> _What needs to be done_
Your copy should hold only the lines from the one with "L'eau claire de" to the one with "Authenticated Used Louis", both included, each exactly as it stands below, with no pictures.

> _Source data_
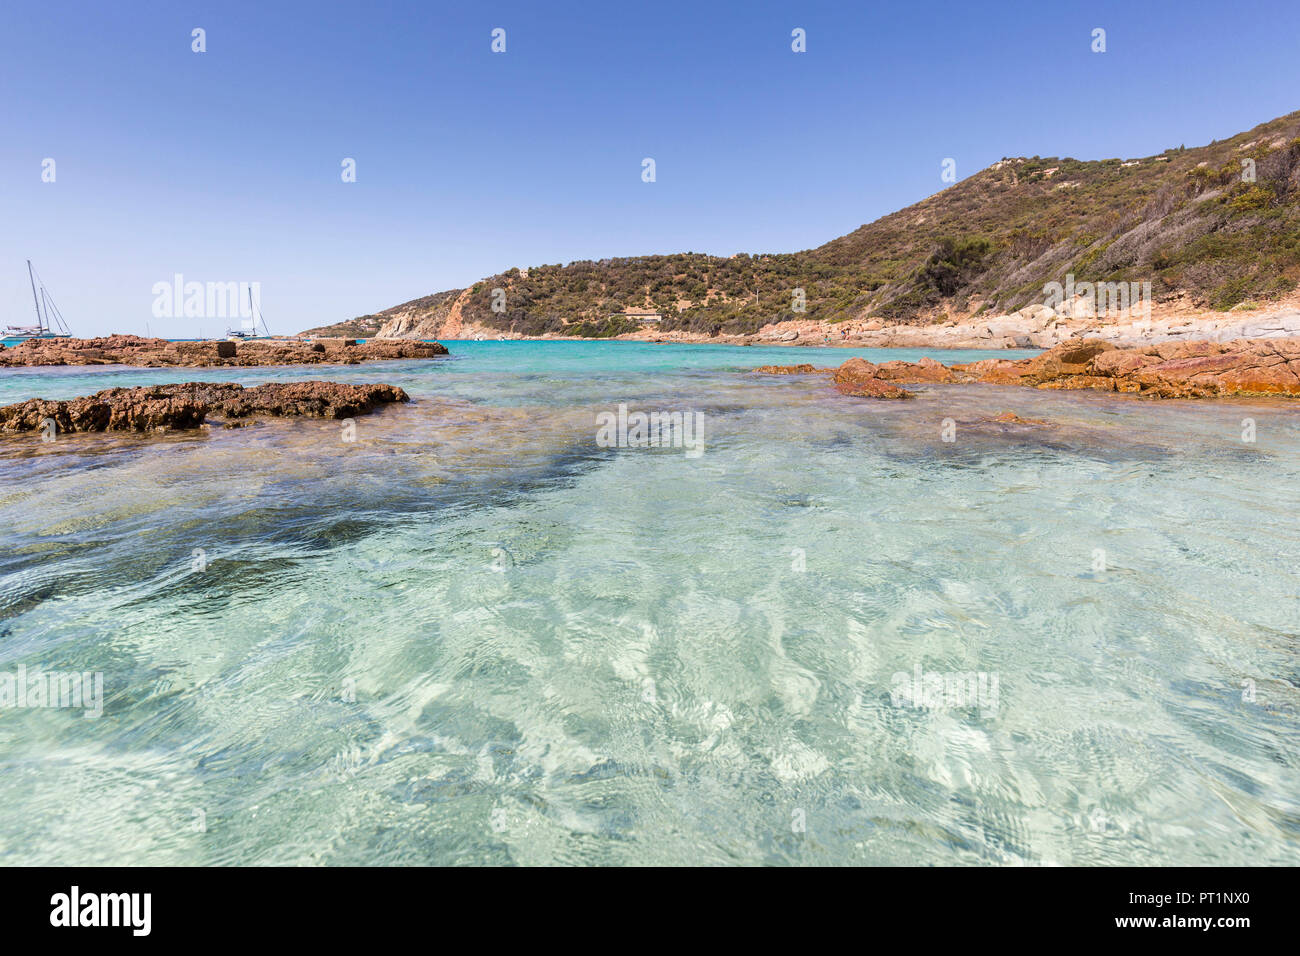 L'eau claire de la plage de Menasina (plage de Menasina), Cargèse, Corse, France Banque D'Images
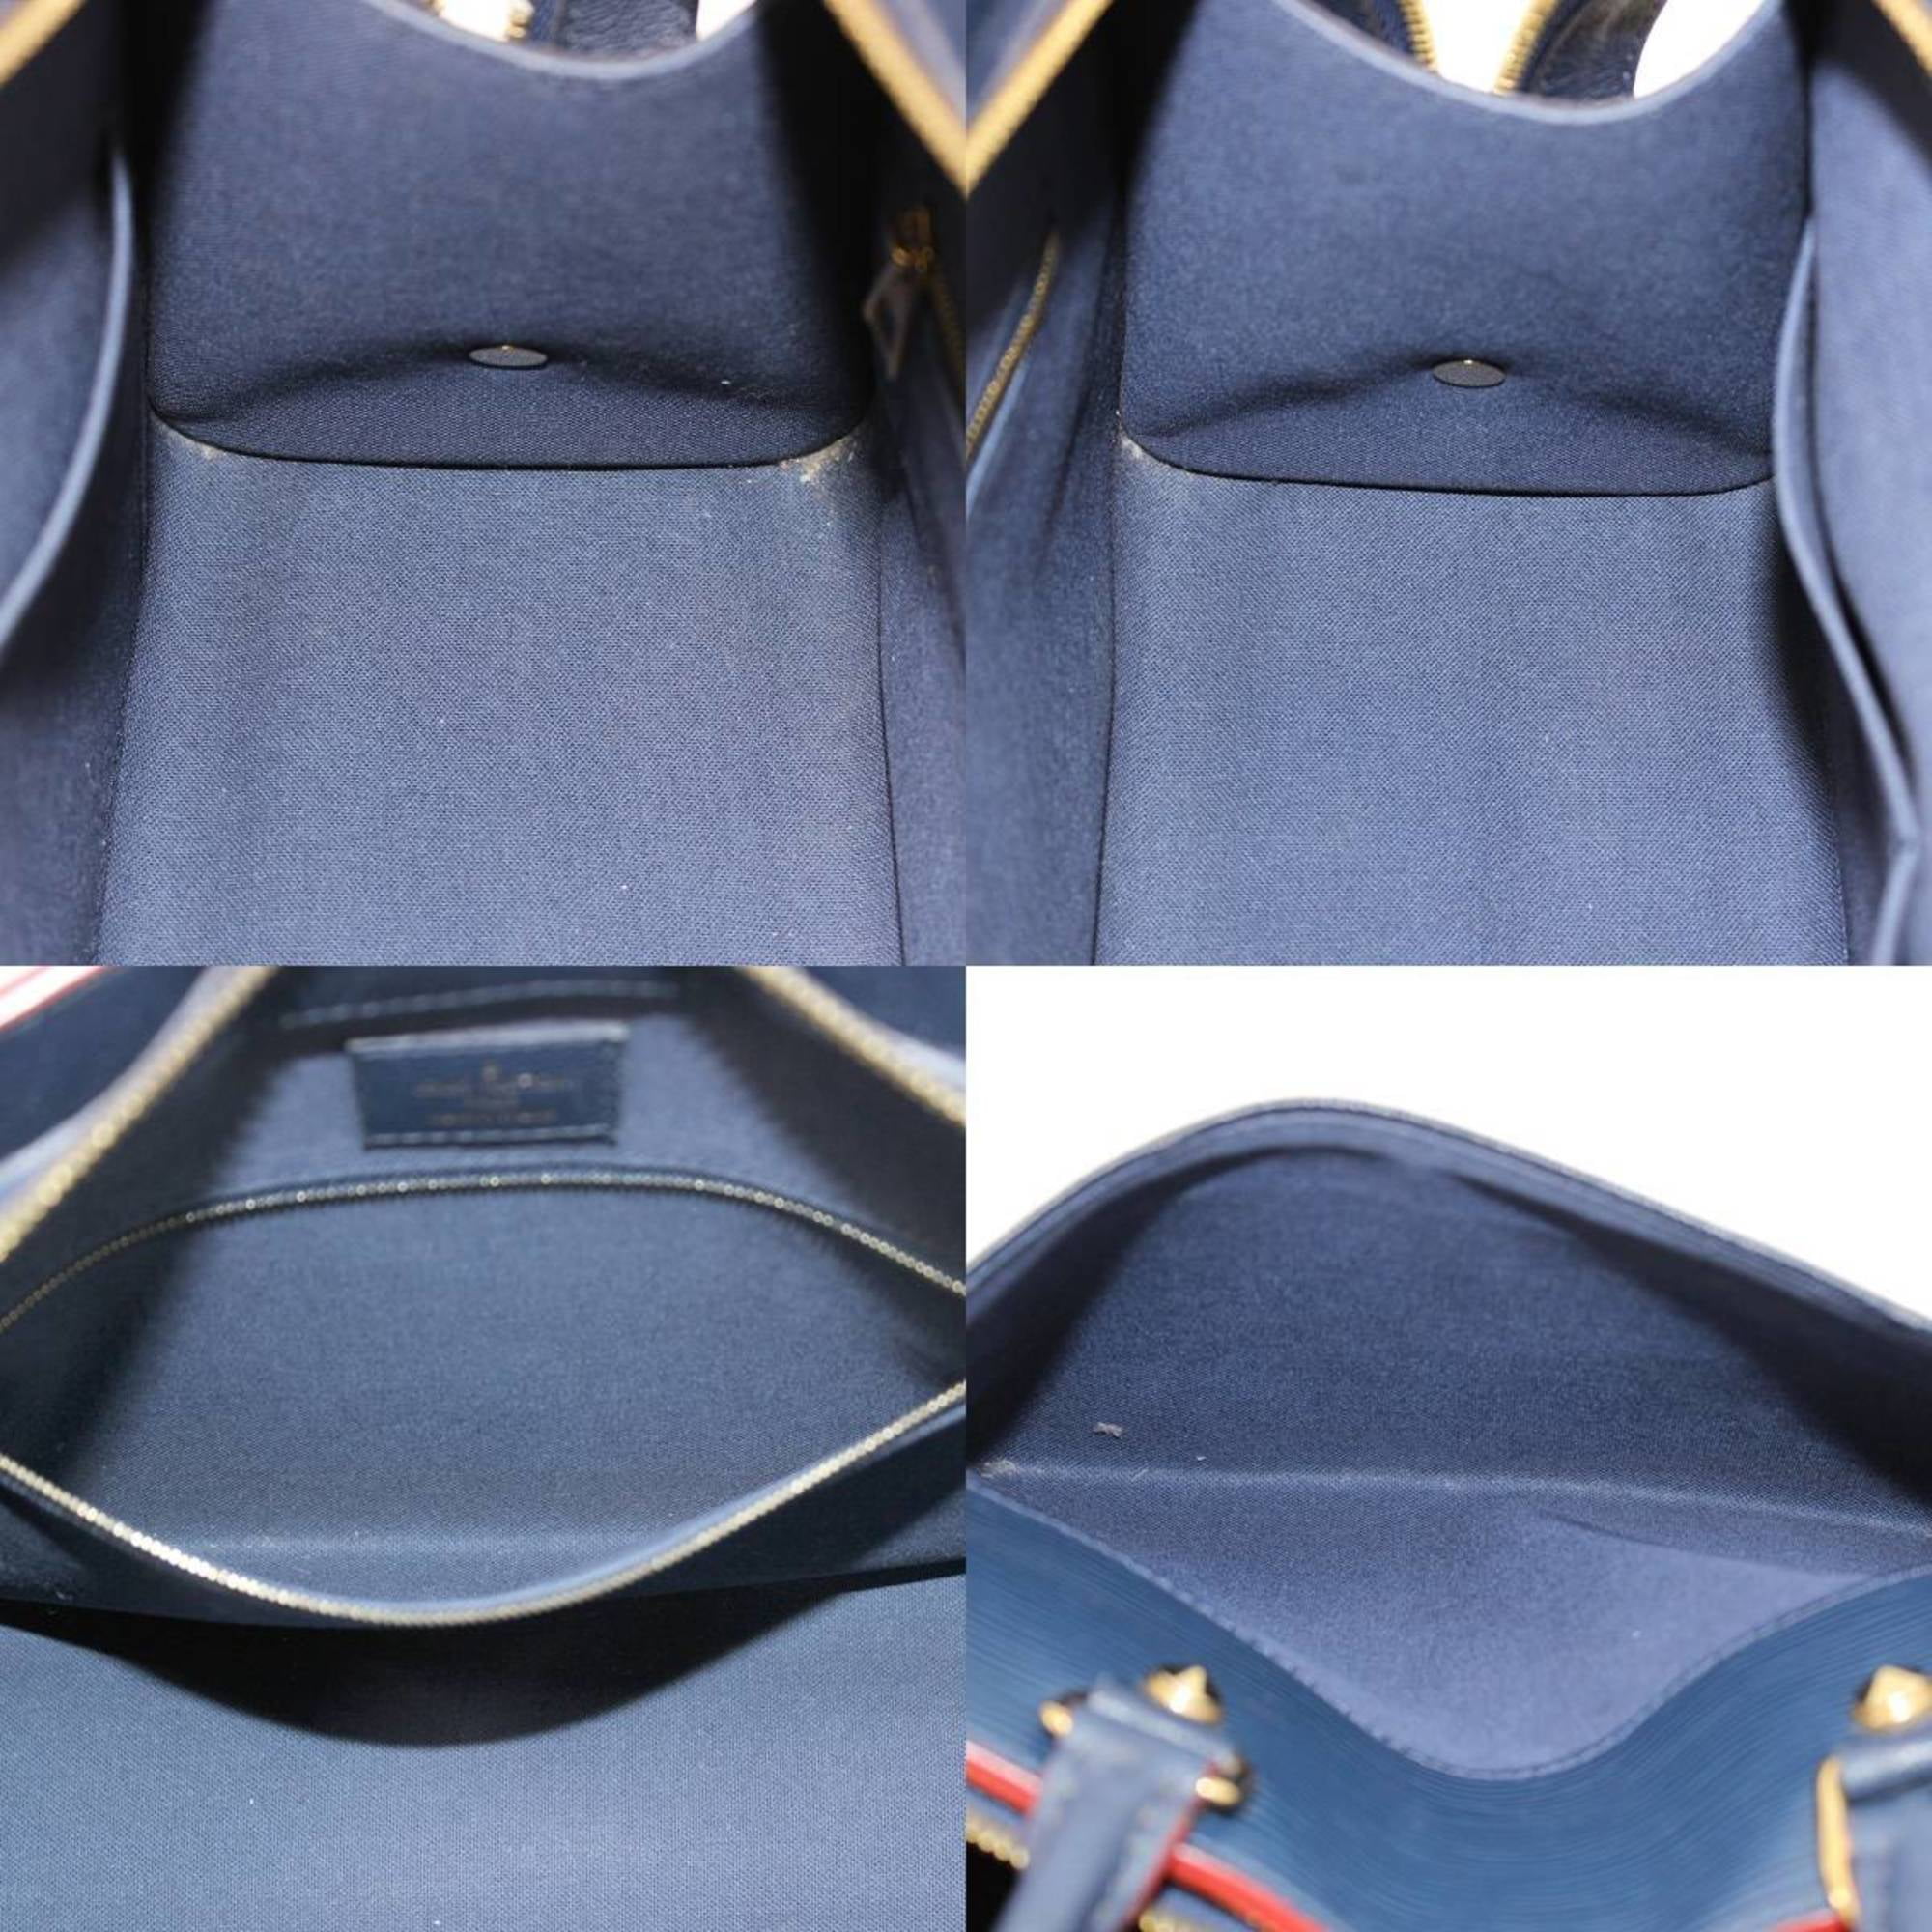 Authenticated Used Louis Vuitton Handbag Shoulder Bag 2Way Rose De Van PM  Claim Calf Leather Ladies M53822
...
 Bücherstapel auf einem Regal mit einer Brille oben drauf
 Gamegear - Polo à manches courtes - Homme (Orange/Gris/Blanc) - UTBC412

> _Answer to the exercise_
 L'eau claire de la plage de Menasina (plage de Menasina), Cargèse, Corse, France Banque D'Images
 Authenticated Used Louis Vuitton Handbag Shoulder Bag 2Way Rose De Van PM  Claim Calf Leather Ladies M53822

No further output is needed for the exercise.